Assemblyman Marcus Conklin, D-Las Vegas, authored AB 273 against a growing tide of complaints about so-called vulture investors buying defaulted loans for pennies on the dollar and then trying to collect deficiencies for the face amount. For example, buying a $200,000 loan for $30,000 would entitle the note owner to collect the full $200,000, even in the severely depressed real estate market that followed the 2008 crash.

Any trustee’s sale or foreclosure that took place prior to June 10, 2011, when the law went into effect, would not be saddled with a deficiency limit of what the lender paid for the loan. A bank that originated the loan and held on to it is not affected.

By contrast, attorneys for small-scale commercial developer Stacy Yahraus-Lewis, who faces a $3 million claim on a commercial loan she guaranteed, argued unsuccessfully that the law covered any deficiency verdicts starting on June 10. This analysis, backed by an opinion by the Legislative Counsel Bureau, would have extended the law’s protection to a larger pool of borrowers than the court’s ruling.

It is unclear, however, how many people are affected. Frank Flansberg III, Yahraus-Lewis’ attorney, said more of the cases than not he sees are covered by deficiency cap.

“But there are certainly a fair amount” where the foreclosure took place before the law’s starting date, potentially exposing them to more financial liability.

William Uffelman, CEO of the Nevada Bankers Association, said the law mainly affects commercial developments.

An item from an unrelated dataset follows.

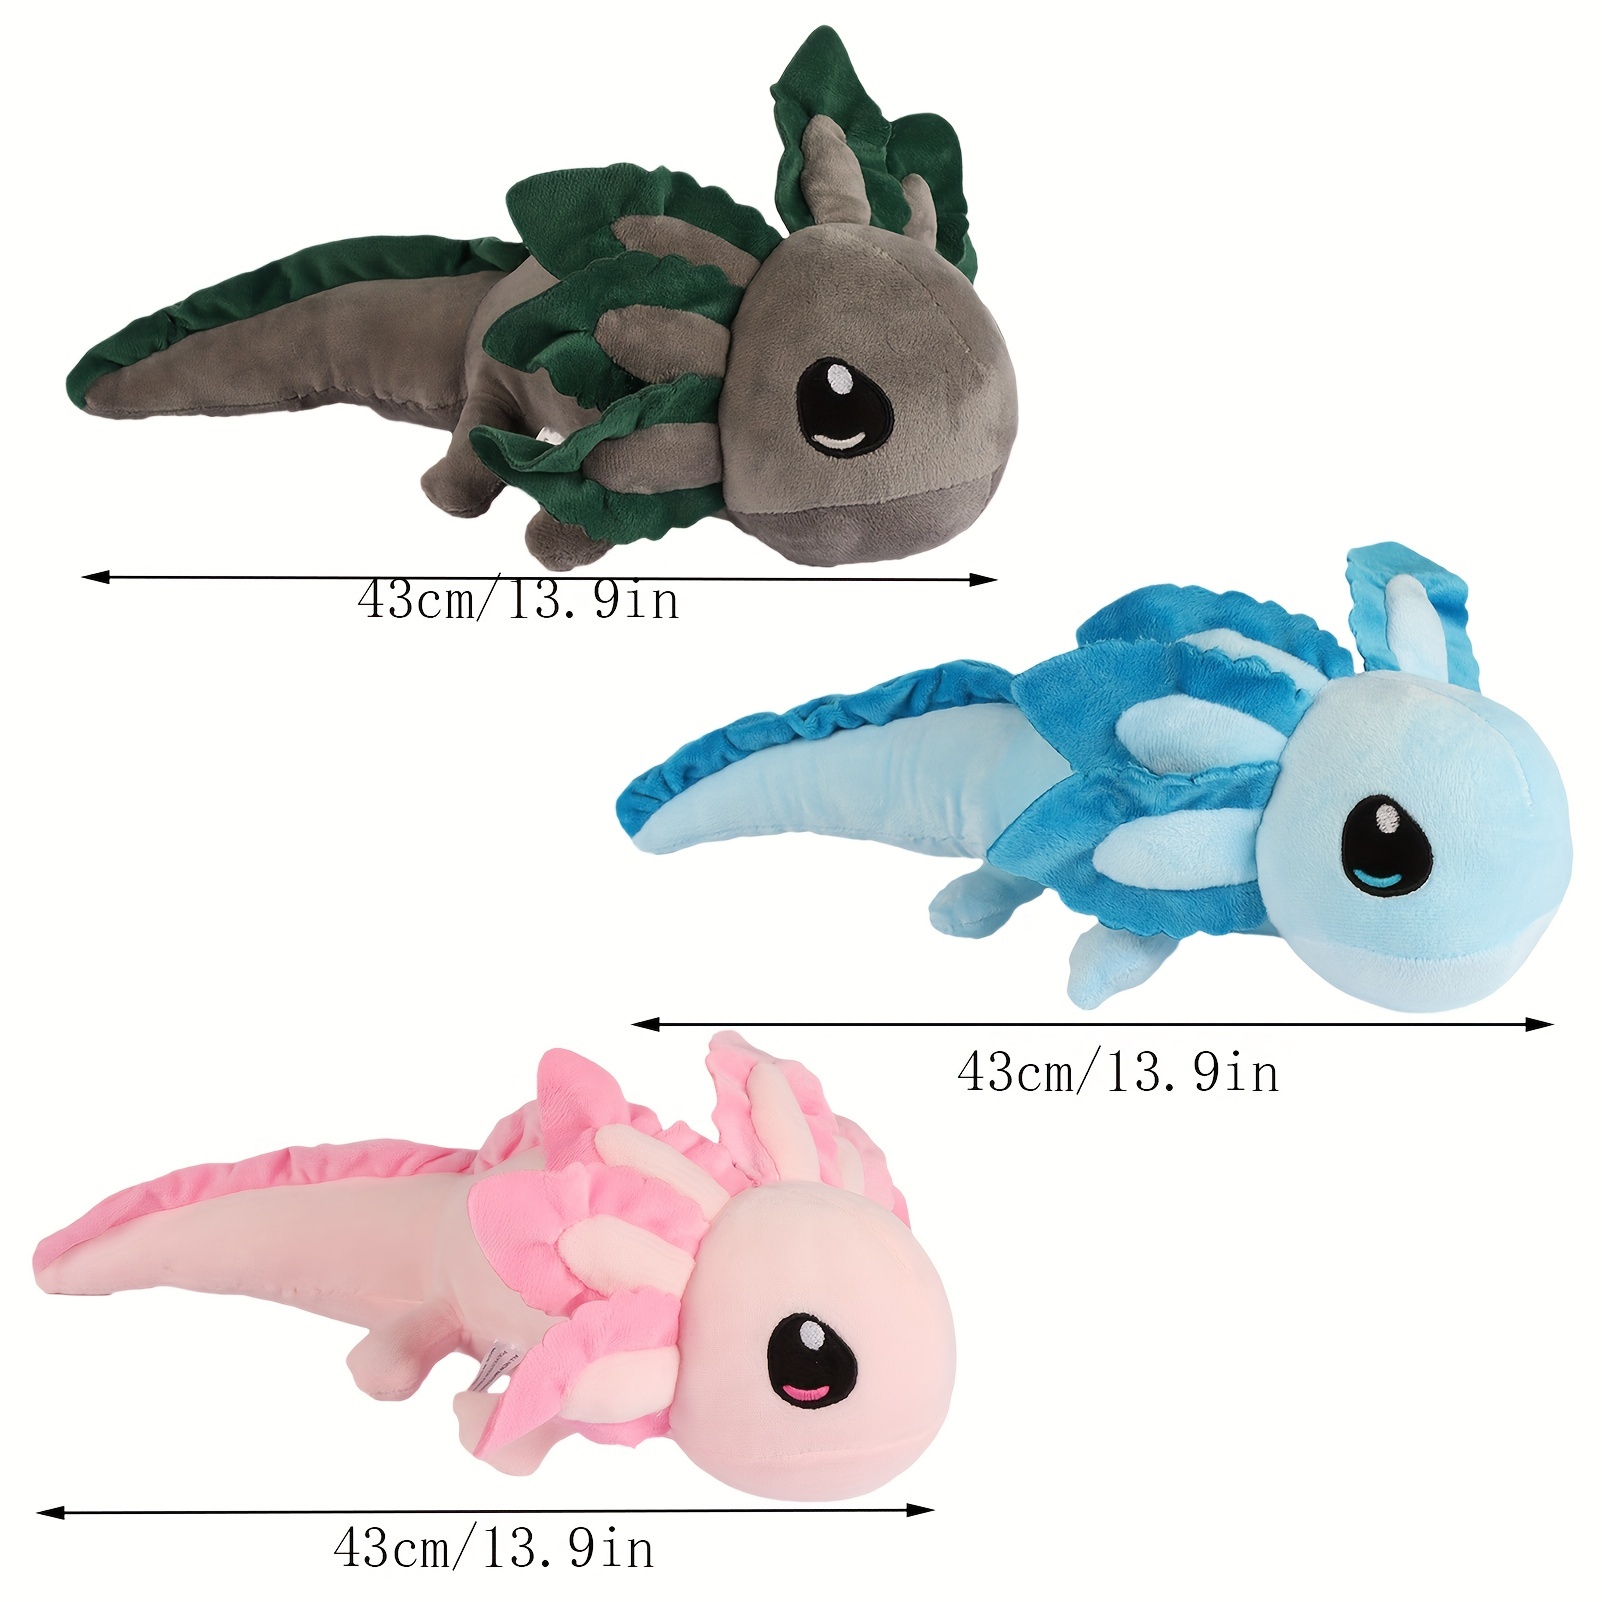 Love You Alotl Axolotl Stuffed Animal Gift Set

This has been the most active market for selling loans in default, he said.

Nevertheless, Justice Michael Cherry wrote in his dissent, “In essence, the majority’s decision serves to produce a windfall for collection agencies and other third-party purchasers of distressed loans ... .” Yahraus-Lewis was just one of “innumerable similarly situated borrowers and guarantors” who would lose out even though AB 273 was supposed to protect them, he wrote.

The dissent also was signed by Justice Ron Parraguirre.

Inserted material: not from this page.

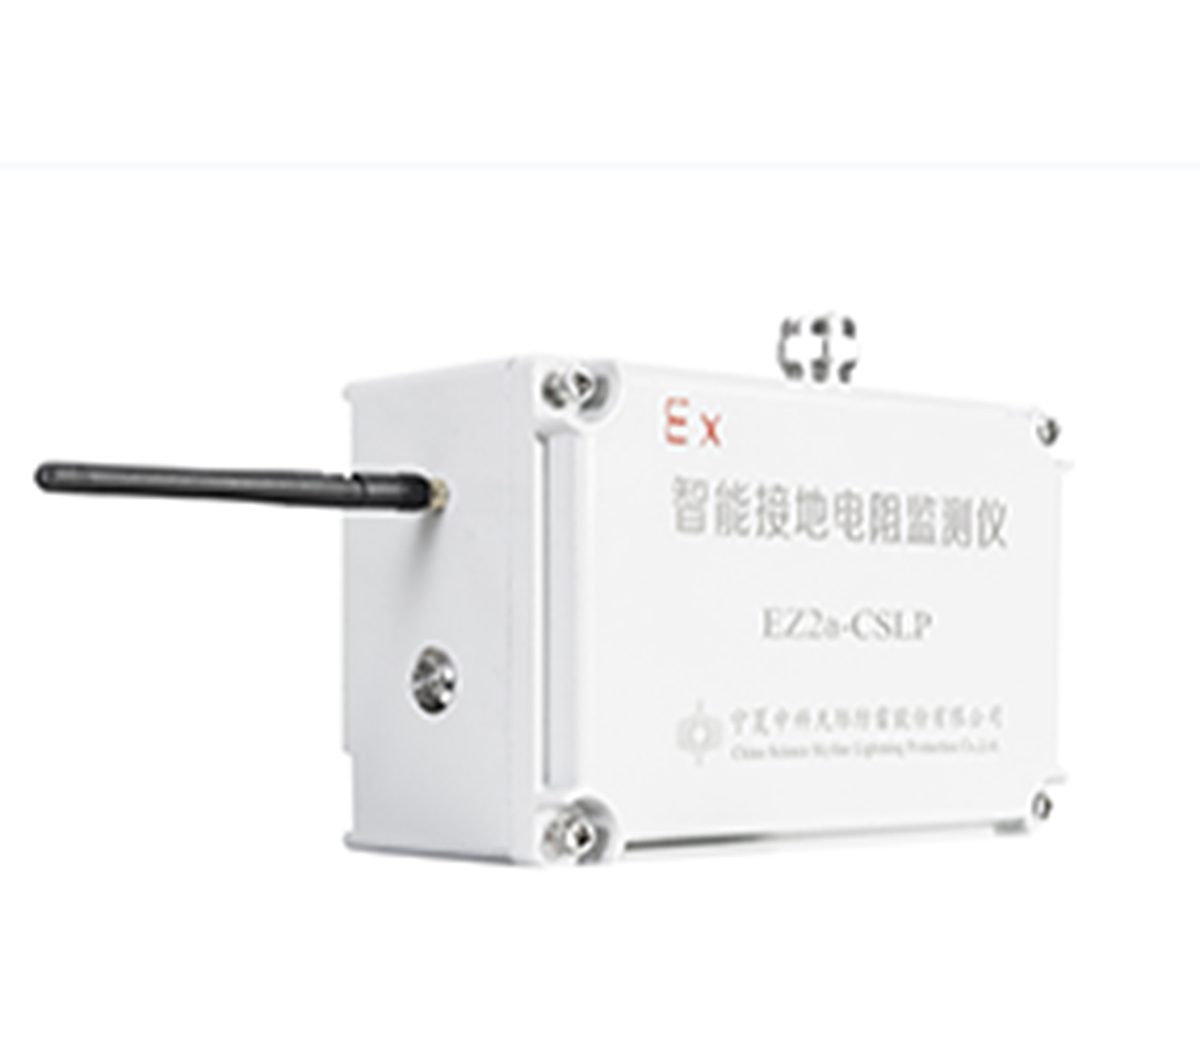 EZ2a-CSLP 智能接地电阻监测仪

The majority placed a priority on not approving an interpretation that would allow retroactive changes to the rules governing deficiencies and potentially devaluing a loan after the fact. In doing so, the court upheld the ruling by Clark County District Judge Elizabeth Gonzalez two years ago.

Branch Banking &Trust Co. said in court papers that it held more than $300 million in Nevada mortgages that could be affected by a ruling against lenders. Another entity, RADC/CADC Venture 2010-2 LLC, a joint venture of private investors and the Federal Deposit Insurance Corp., said it had $1.1 billion in mortgages at stake.

Yahraus-Lewis fell into a different category. She almost had finished building the 48-unit Sandpointe apartments near Boulder Station when the bank that had given her a $5.1 million loan failed. Her efforts to find alternate financing to finish the project did not bear fruit.

Her loan was part of a $2.3 billion portfolio that was sold to a joint venture between the FDIC and Rialto Capital Advisors, owned by giant homebuilder Lennar. Flansberg calculates that Rialto paid 39 cents on the dollar for its stake.

The Lennar-related entity then finished the project and filed a deficiency claim against Yahraus-Lewis.